En el último párrafo de las alegaciones del escrito de contestación al recurso de apelación se alude a la revisión de los clausulados de los contratos de préstamo para expulsar de ellos las cláusulas de limitación de la variación del tipo de interés: sostiene que la entidad demandada no tiene obligación de hacerlo. Sin embargo, una elemental prudencia así lo aconseja, al menos para depurar las cláusulas que, como la que nos ocupa, sí deben de ser excluidas. Esta revisión hubiera evitado los gastos por honorarios profesionales a los que se alude en tal escrito, y todo ello sin entrar en cuál pudiera ser el 'verdadero negocio' (copiamos términos en él empleados) que hay tras esa pasividad de la entidad financiera.
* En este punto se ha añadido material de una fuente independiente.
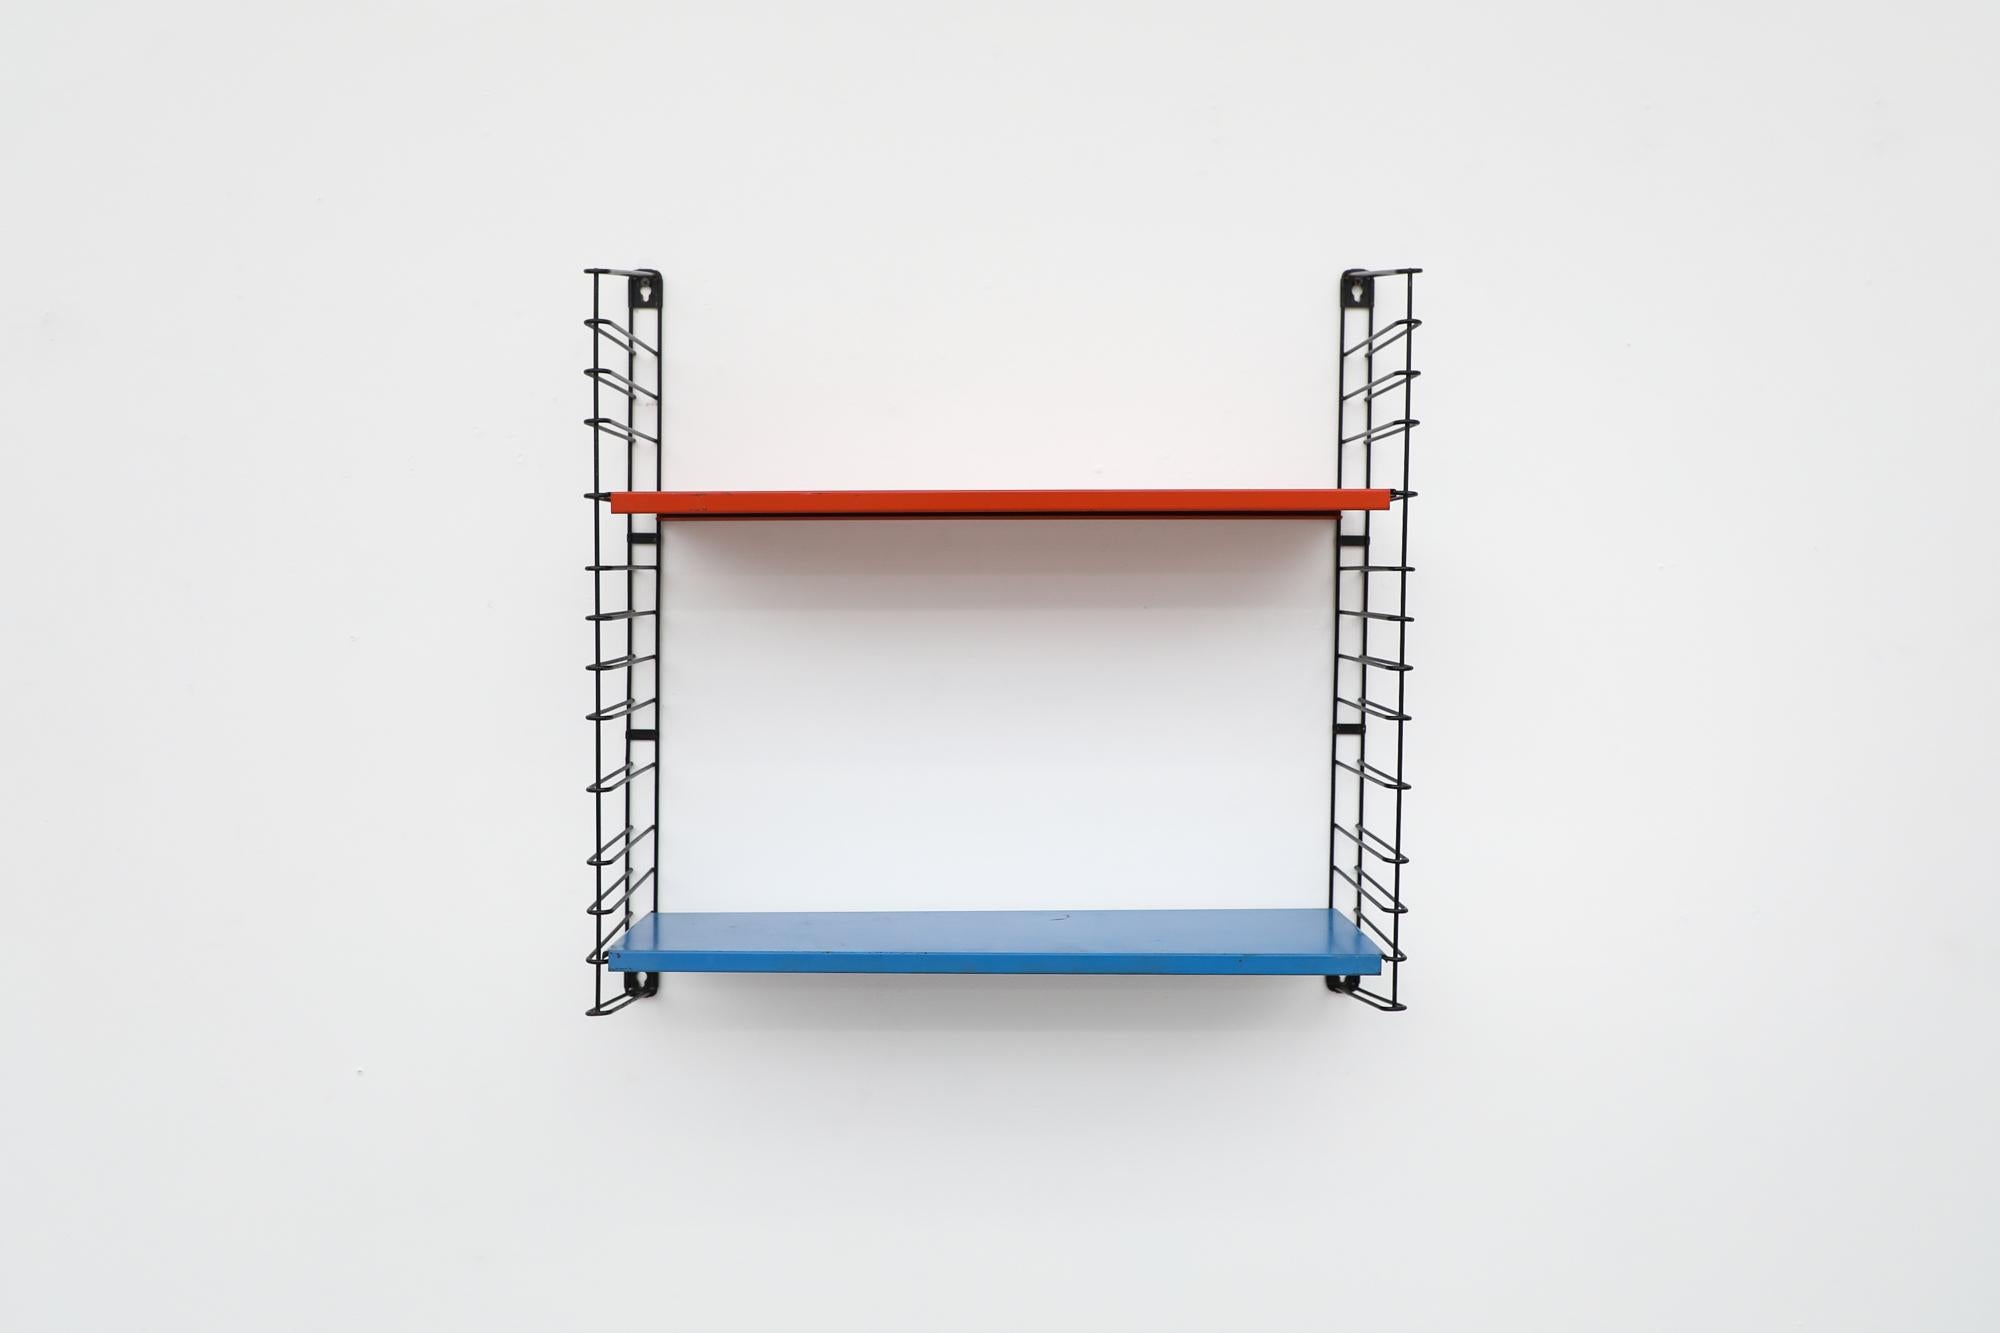 Midcentury TOMADO industrial shelving with red and bright blue shelves on black enameled metal wire risers. Designed by Jan van der Togt. The shelves rest on the wire risers and can be arranged to different heights. In original condition with
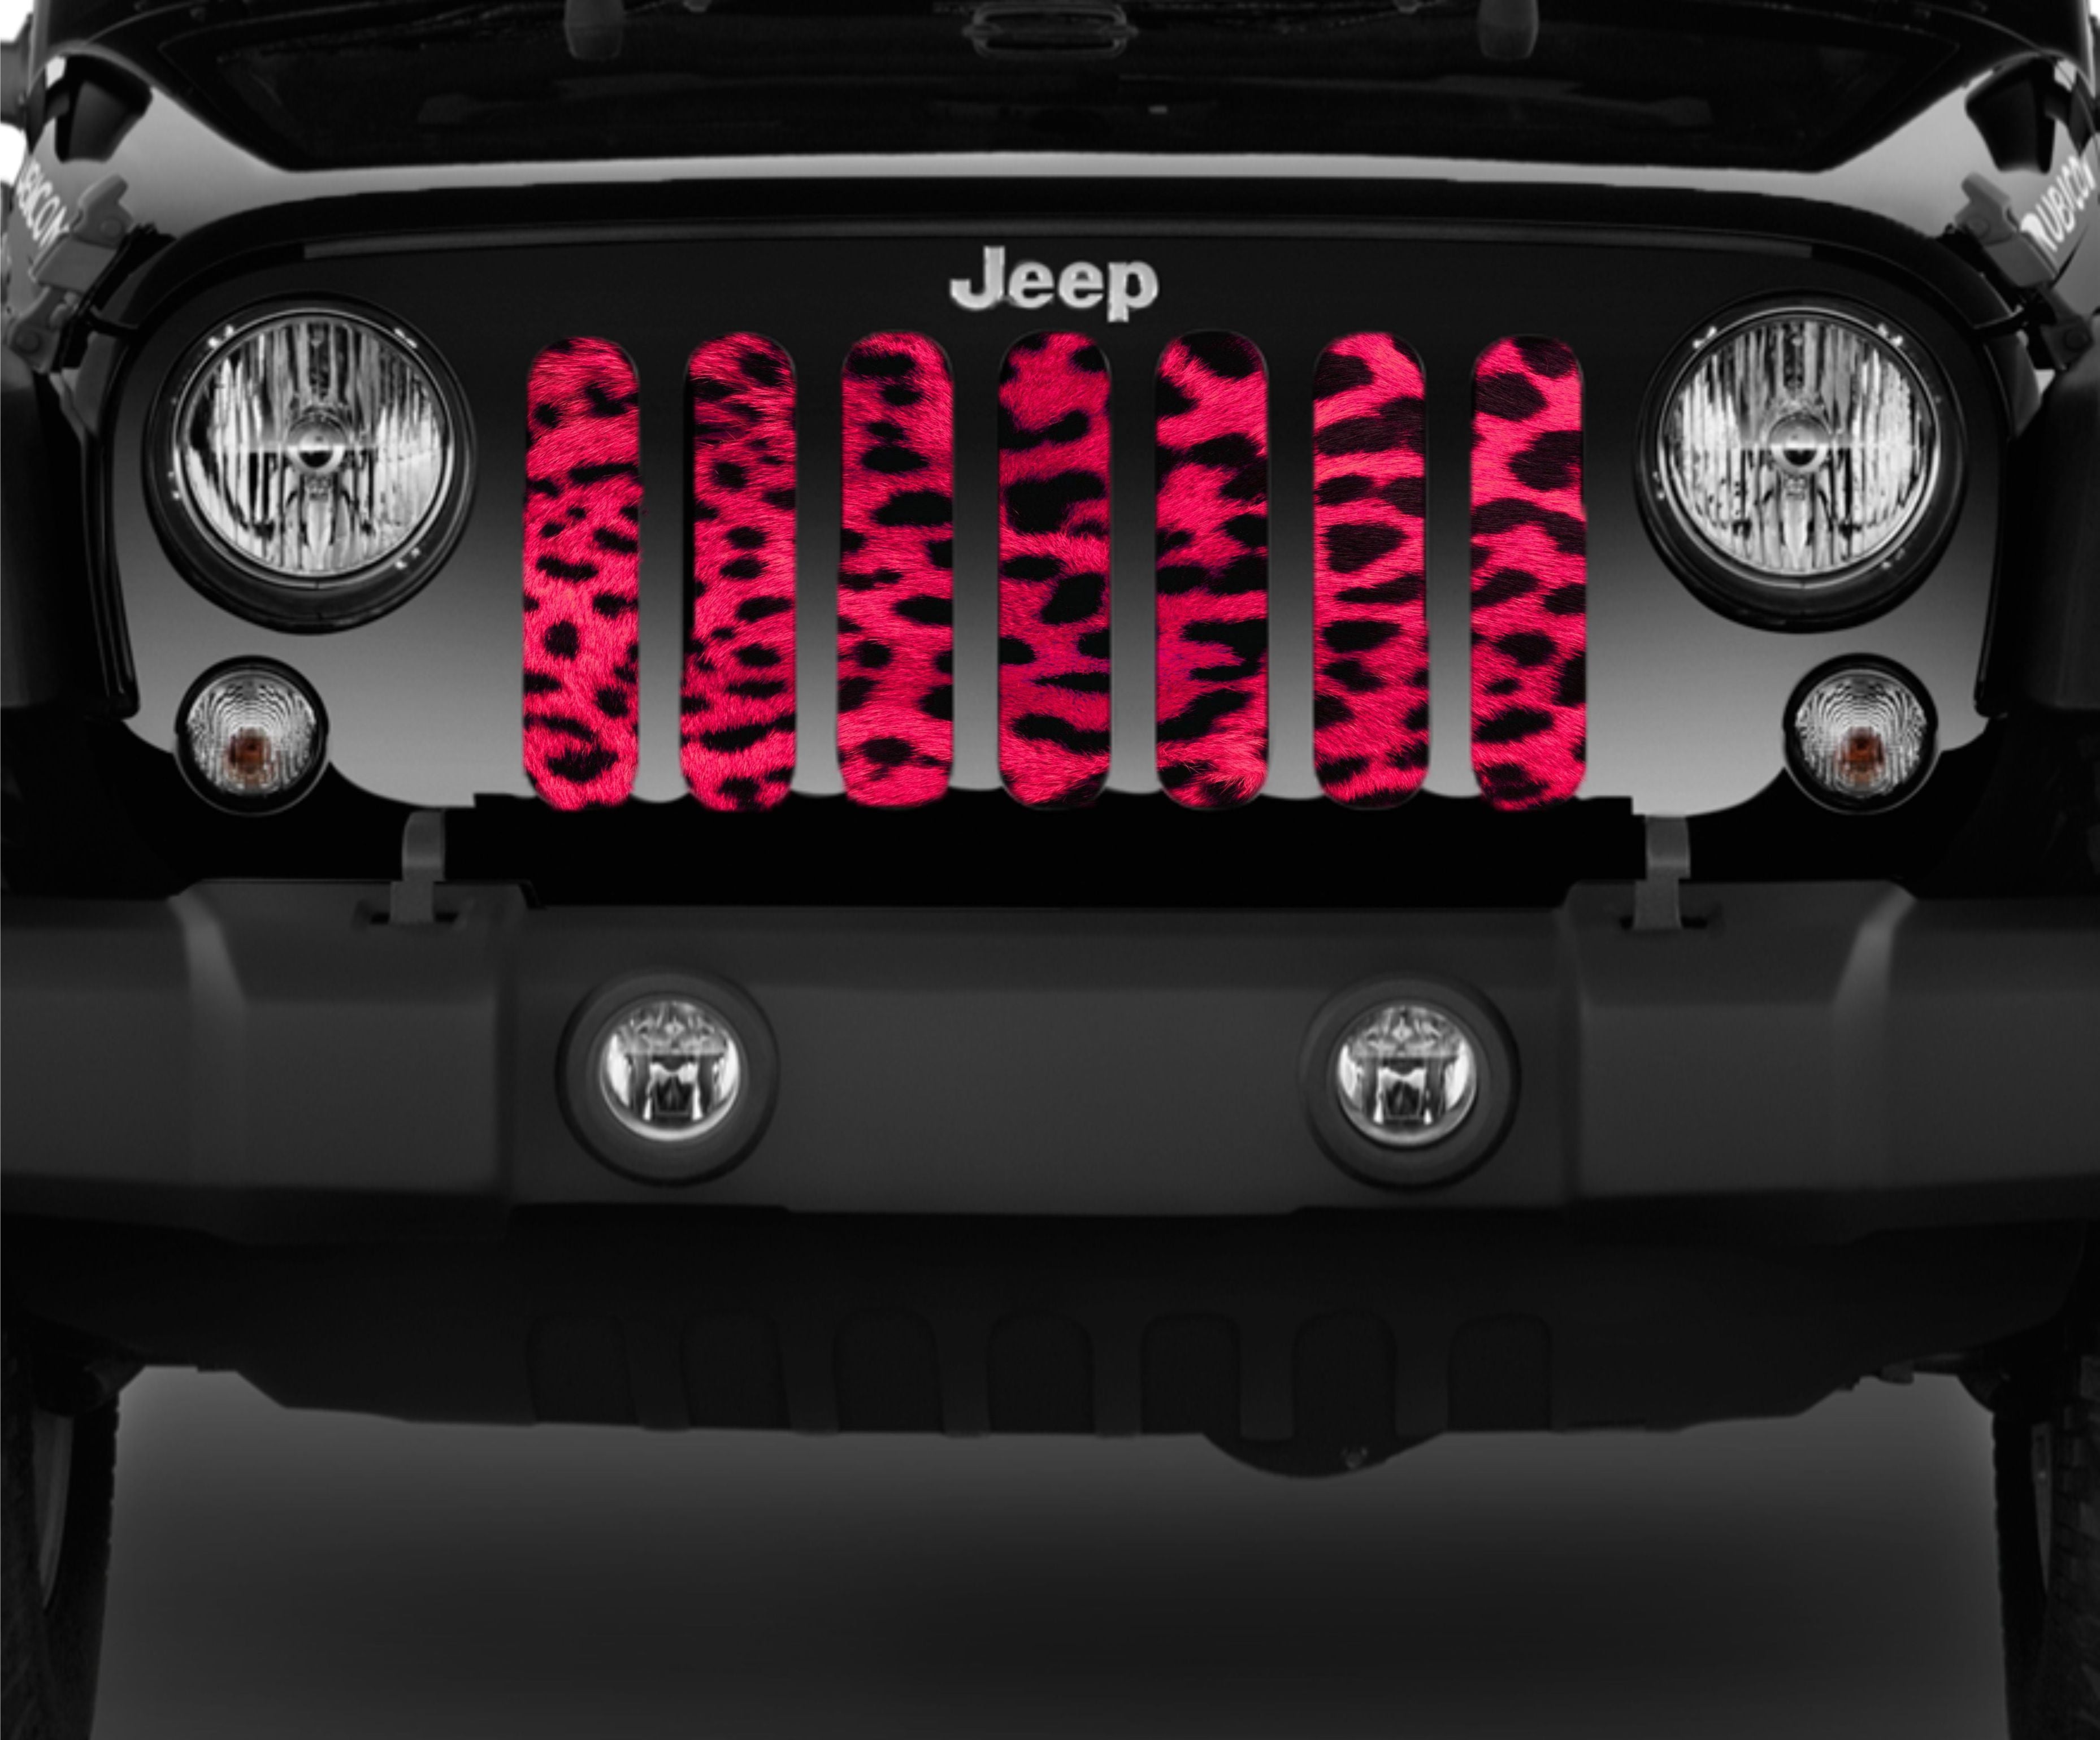 Pink Leopard Cheetah Animal Print Mesh Grille Insert for Jeep

El cobro de honorarios profesionales es legítimo por todo aquél que presta un servicio; lo relevante no es el interés crematístico de un profesional, sino que con el servicio que presta atienda a un interés legítimo, como lo es, en este caso, la nulidad de una cláusula y las trabas que se ponen a ella obligando a acudir a la vía judicial, ya sea por omisión, por oposición o por demora.

Por todo lo expuesto, procede la estimación del recurso de apelación y la condena en costas de la demandada por mala fe en el allanamiento: ha mediado un requerimiento previo y tiempo razonable suficiente para darle respuesta antes de la presentación de la demanda. Es de aplicación lo dispuesto en el artículo 397 de la LEC , en relación con lo establecido en los artículos 394 y 395 del mismo texto legal .

TECERO.- Costas del recurso de apelación.

Conforme dispone el artículo 398 de la LEC , en su apartado 2, en caso de estimación total o parcial de un recurso de apelación, extraordinario por infracción procesal o casación, no se condenará al pago de las costas del recurso a ninguno de los litigantes.

VISTOS los preceptos legales invocados, sus concordantes y demás de aplicación.

Fallo

Se estima el recurso de apelación interpuesto por D. Jose Ignacio y Dª Casilda contra la sentencia de fecha 2 de septiembre de 2016 , dictada en los autos ya reseñados, y, en su consecuencia, se REVOCA únicamente para dejar sin efecto su pronunciamiento sobre costas procesales y, en su lugar, se ACUERDA condenar a la demandada al pago de las costas de la primera instancia.

Todo ello sin expresa imposición de las costas generadas por el recurso de apelación interpuesto.

Se acuerda devolver al apelante/s el importe que se hubiera consignado como depósito para recurrir.

MODO DE IMPUGNACIÓN: contra esta resolución cabe interponer recurso de casación ante este tribunal, únicamente por la vía del interés casacional, y, en su caso y en el mismo escrito, recurso extraordinario por infracción procesal, a presentar en el plazo de veinte días a contar desde el siguiente a su notificación.

Conforme a la D.A. decimoquinta de la L.O.P.J ., para la admisión del recurso de casación se deberá acreditar haber constituido un depósito de 50 euros en la cuenta de depósitos y consignaciones de este órgano judicial, y otros 50 si también se interpone recurso extraordinario por infracción procesal, salvo que el recurrente sea: beneficiario de justicia gratuita, el Ministerio Fiscal, el Estado, Comunidad Autónoma, entidad local u organismo autónomo dependiente.

El depósito deberá constituirlo ingresando la citada cantidad en el BANCO DE SANTANDER, S.A., en la cuenta de este expediente 2121 0000.

Notifíquese esta resolución a las partes y llévese el original al libro correspondiente, y remítanse las actuaciones al Servicio Común de Ordenación del Procedimiento para continuar con su sustanciación.

Así por esta nuestra Sentencia, juzgando en apelación, lo pronunciamos, mandamos y firmamos.